More about "Salvia miltiorrhiza"
Salvia miltiorrhiza, also known as Danshen, is a perennial herb native to China and widely utilized in traditional Chinese medicine.
This versatile plant is renowned for its potential therapeutic effects on cardiovascular and neurological conditions.
The roots of Salvia miltiorrhiza contain a variety of bioactive compounds, including tanshinones and phenolic acids, which have demonstrated antioxidant, anti-inflammatory, and neuroprotective properties in preclinical studies.
Researchers studying Salvia miltiorrhiza can leverage the power of PubCompare.ai's AI-driven protocol optimization to locate, compare, and identify the most effective methods for advancing their research with improved reproducibility.
This platform can help researchers optimize extraction and purification techniques to ensure the quality and efficacy of Salvia miltiorrhiza-based products.
In addition to exploring the medicinal applications of this herb, researchers may also utilize Milli-Q water purification systems, formic acid, HPLC-grade acetonitrile, and other reagents to ensure the accuracy and reliability of their experiments.
Techniques such as HPLC and Western blotting, using β-actin as a loading control, can be employed to analyze the bioactive compounds and their mechanisms of action.
Animal models, such as those involving streptozotocin (STZ)-induced diabetes or lipopolysaccharide (LPS)-induced inflammation, can provide valuable insights into the therapeutic potential of Salvia miltiorrhiza.
The DCFDA-Cellular Reactive Oxygen Species Detection Assay Kit can be utilized to assess the antioxidant properties of Salvia miltiorrhiza extracts or compounds, while Valsartan may serve as a positive control in cardiovascular-related studies.
By leveraging the insights gained from the MeSH term description and the metadescription, researchers can advance their understanding of Salvia miltiorrhiza and its medicinal applications, ultimately contributing to the development of innovative therapies and products.
This versatile plant is renowned for its potential therapeutic effects on cardiovascular and neurological conditions.
The roots of Salvia miltiorrhiza contain a variety of bioactive compounds, including tanshinones and phenolic acids, which have demonstrated antioxidant, anti-inflammatory, and neuroprotective properties in preclinical studies.

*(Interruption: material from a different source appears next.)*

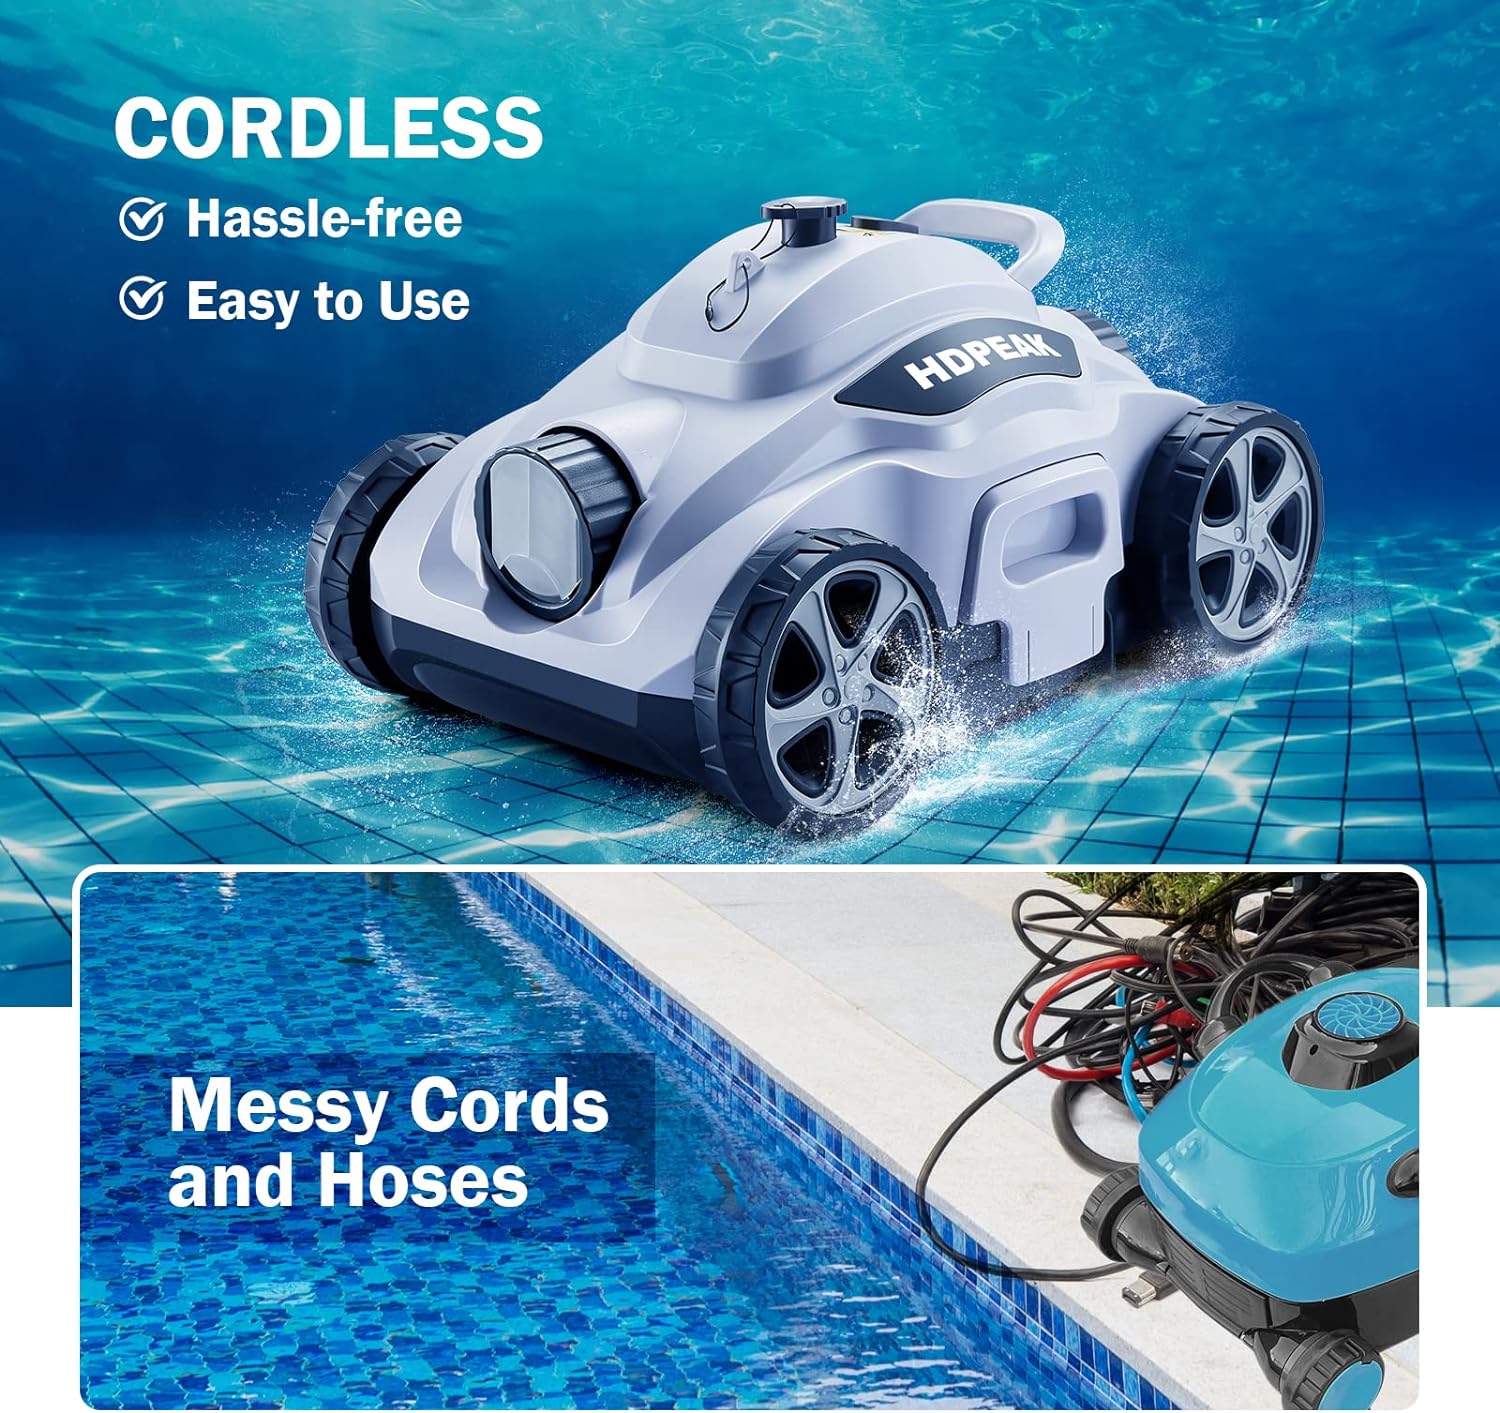 Perspective: Cordless Robotic Pool Cleaner, HDPEAK Pool Vacuum

Researchers studying Salvia miltiorrhiza can leverage the power of PubCompare.ai's AI-driven protocol optimization to locate, compare, and identify the most effective methods for advancing their research with improved reproducibility.
This platform can help researchers optimize extraction and purification techniques to ensure the quality and efficacy of Salvia miltiorrhiza-based products.

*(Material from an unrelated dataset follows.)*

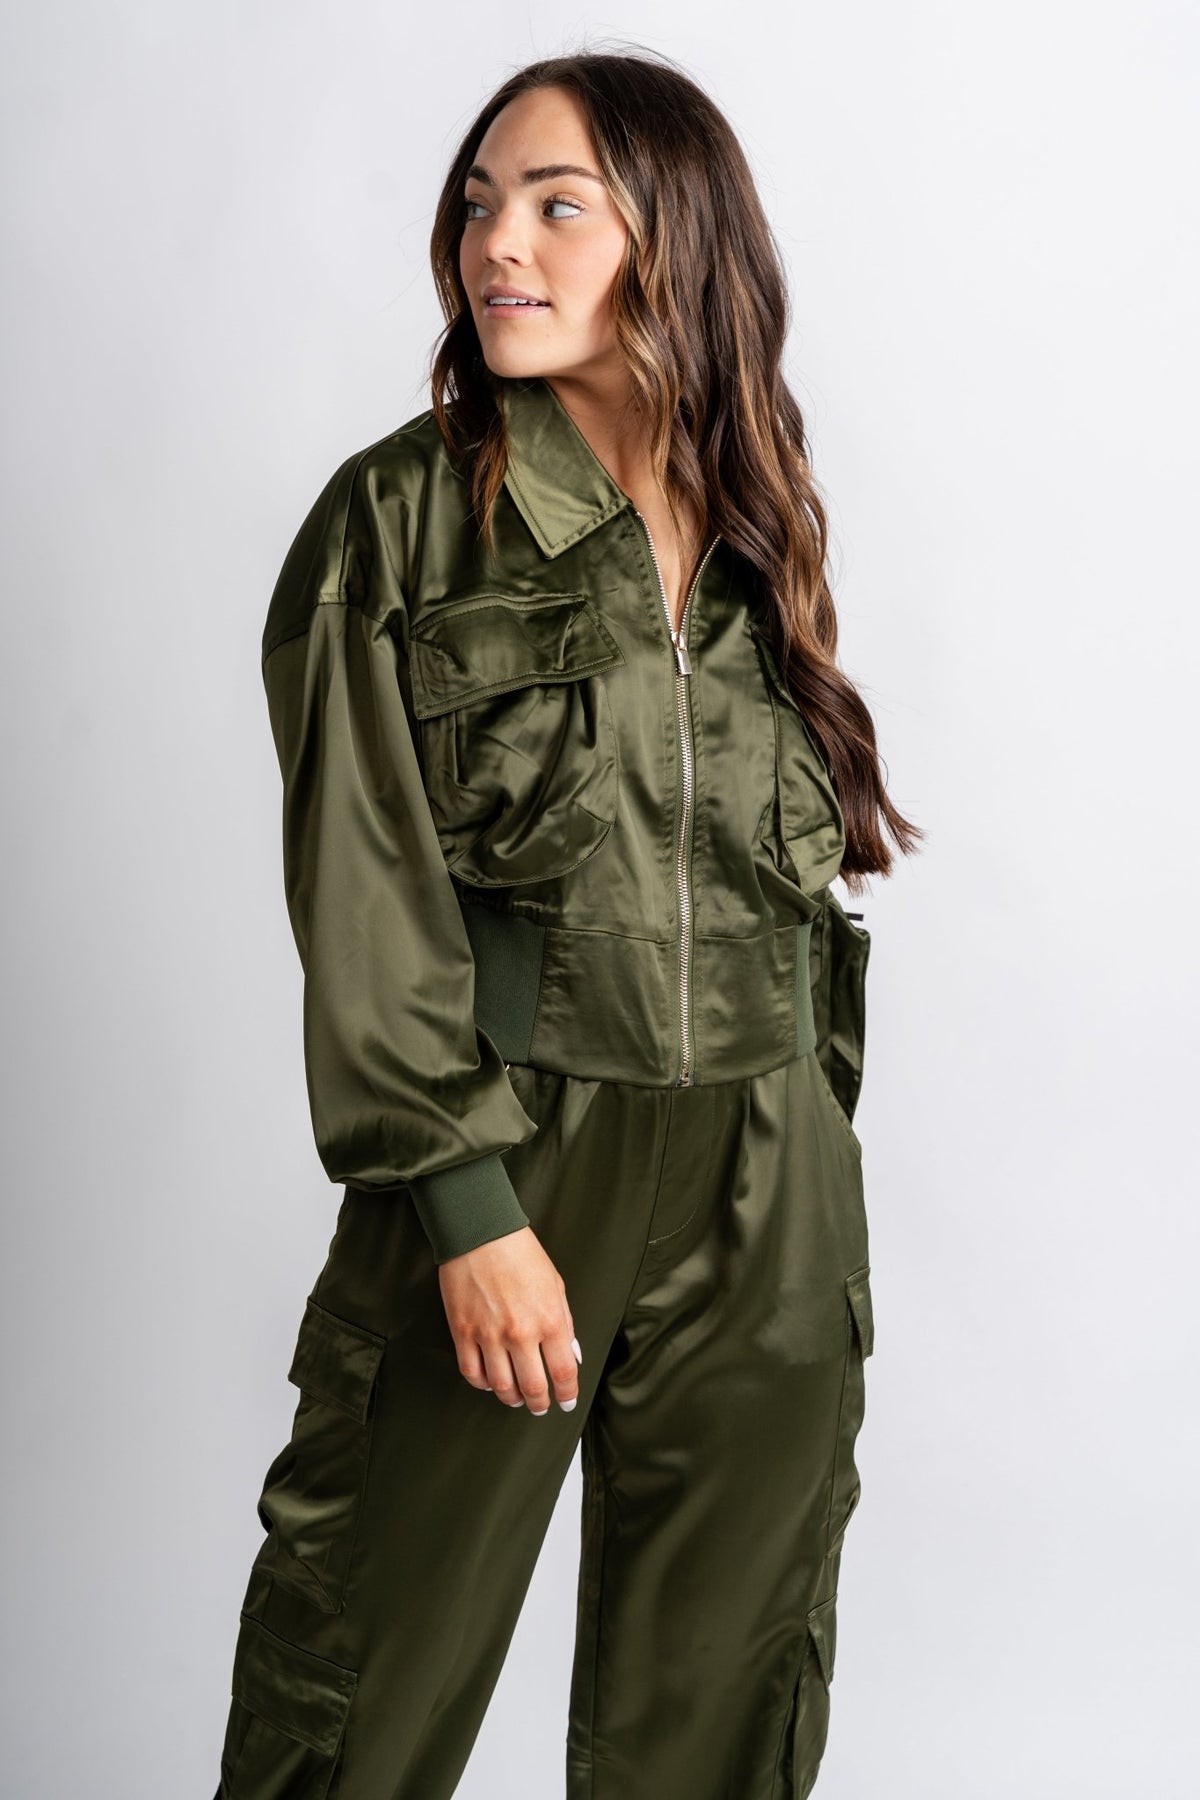 Satin cargo jacket olive – Trendy Jackets | Cute Fashion Blazers at Lush Fashion Lounge Boutique in Oklahoma City

In addition to exploring the medicinal applications of this herb, researchers may also utilize Milli-Q water purification systems, formic acid, HPLC-grade acetonitrile, and other reagents to ensure the accuracy and reliability of their experiments.

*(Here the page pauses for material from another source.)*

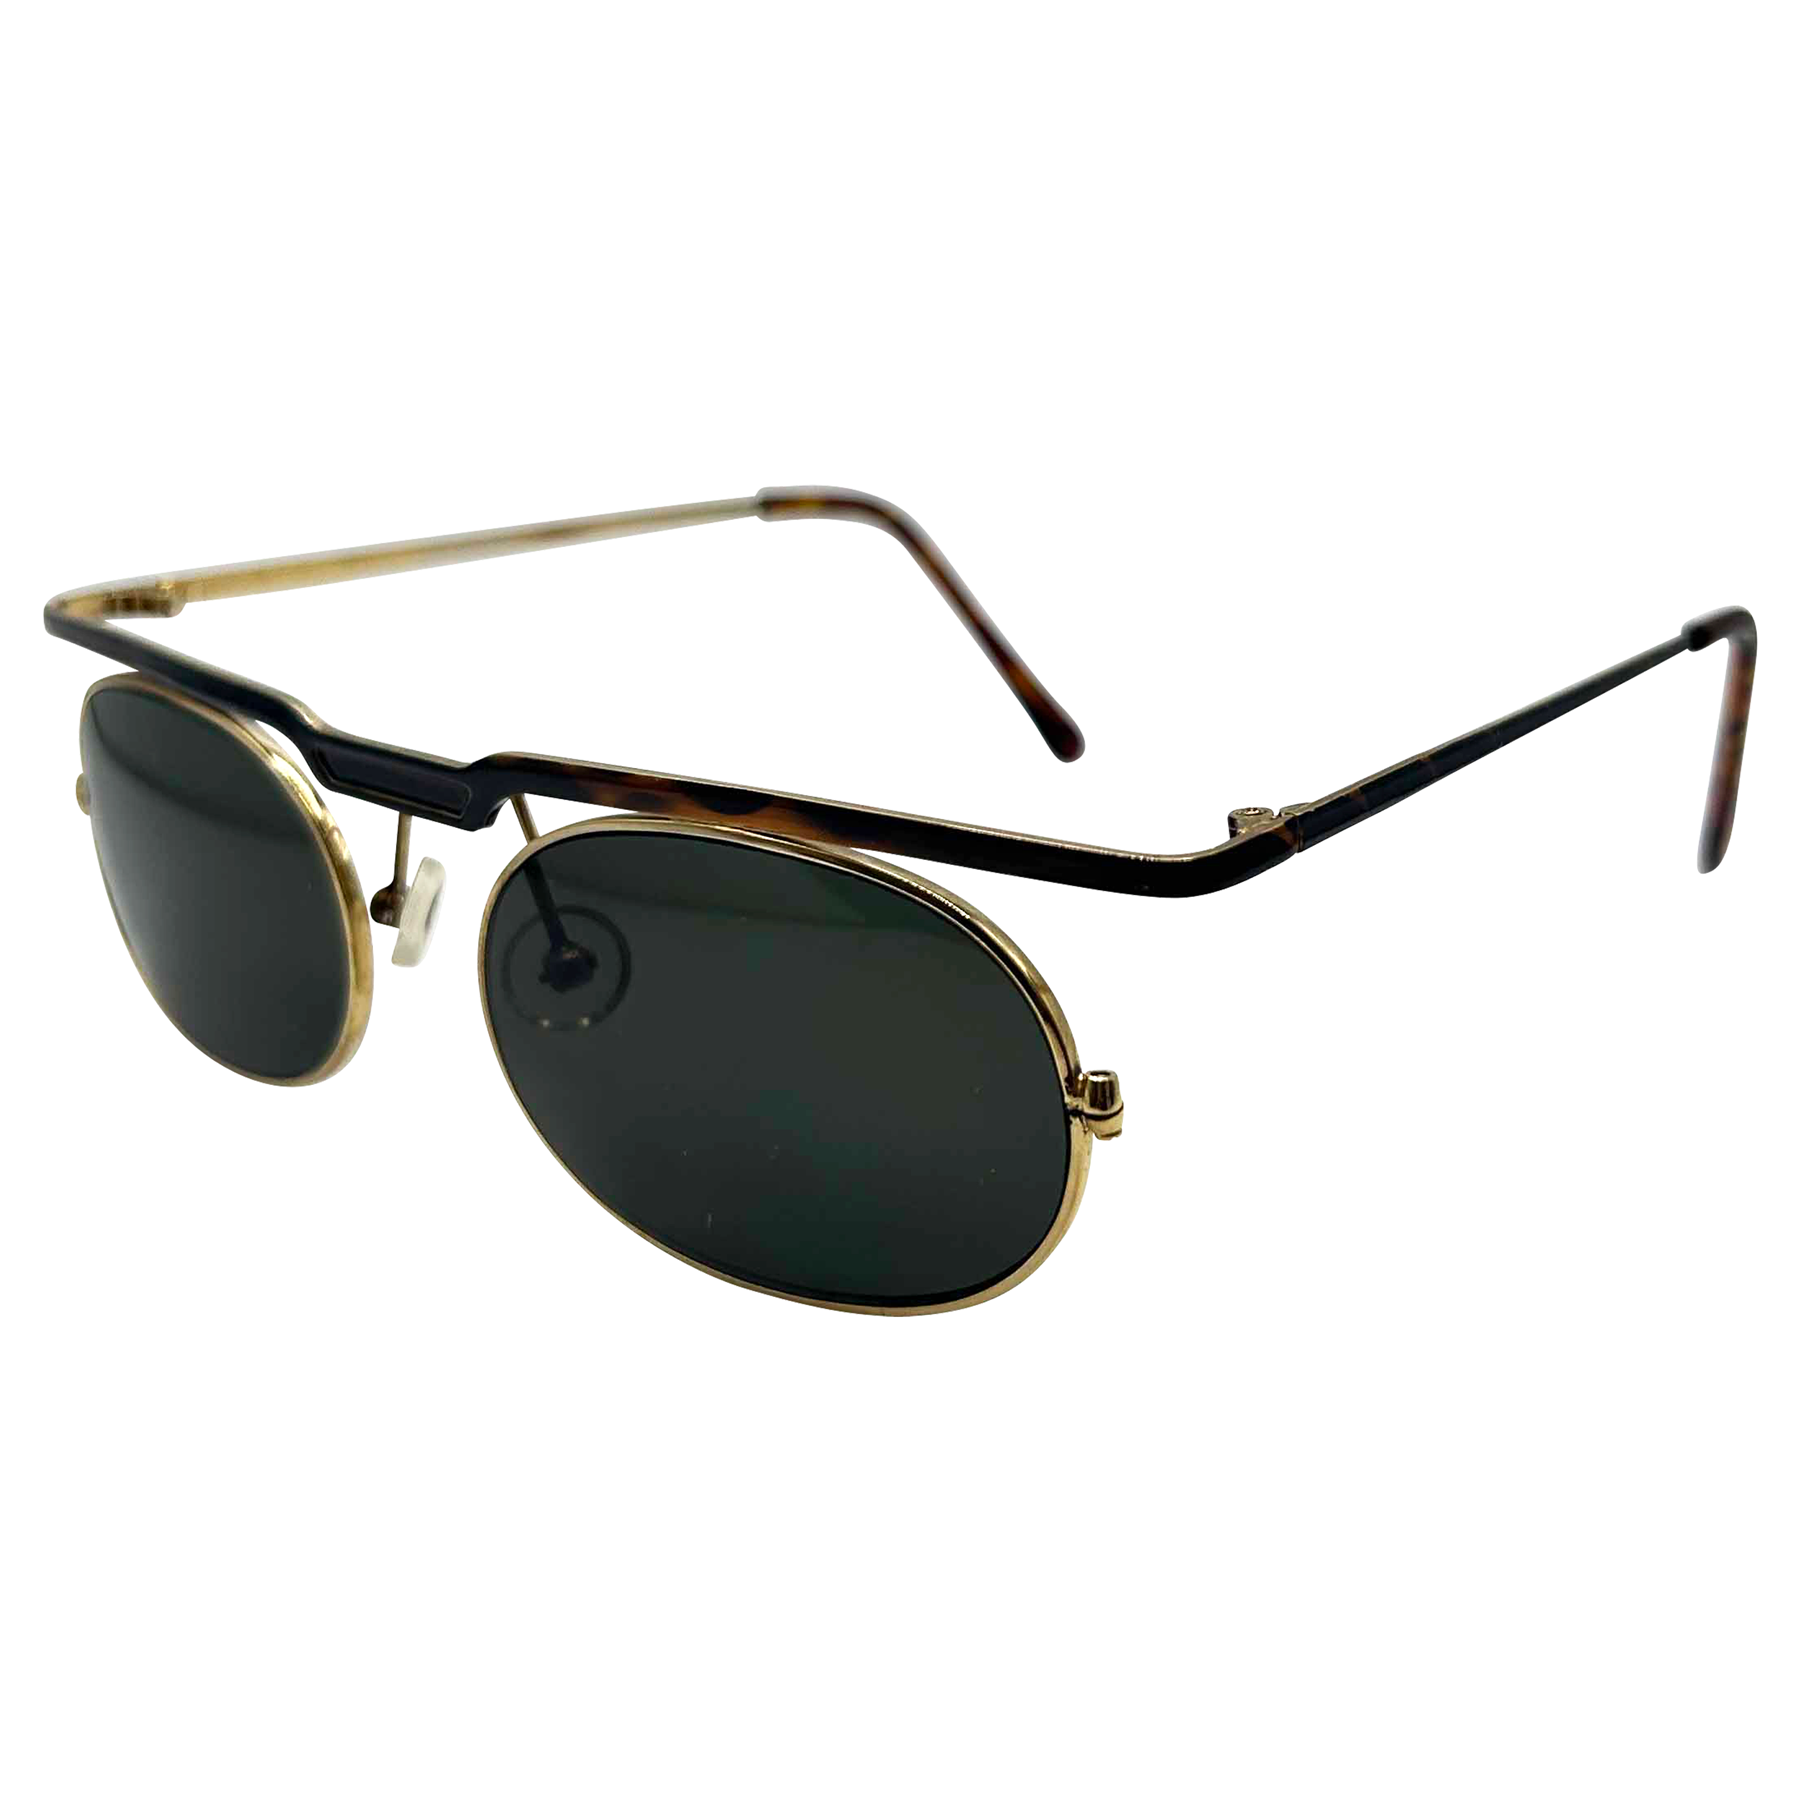 TWIN PEAKS Steampunk 90s Sunglasses

Techniques such as HPLC and Western blotting, using β-actin as a loading control, can be employed to analyze the bioactive compounds and their mechanisms of action.
Animal models, such as those involving streptozotocin (STZ)-induced diabetes or lipopolysaccharide (LPS)-induced inflammation, can provide valuable insights into the therapeutic potential of Salvia miltiorrhiza.
The DCFDA-Cellular Reactive Oxygen Species Detection Assay Kit can be utilized to assess the antioxidant properties of Salvia miltiorrhiza extracts or compounds, while Valsartan may serve as a positive control in cardiovascular-related studies.
By leveraging the insights gained from the MeSH term description and the metadescription, researchers can advance their understanding of Salvia miltiorrhiza and its medicinal applications, ultimately contributing to the development of innovative therapies and products.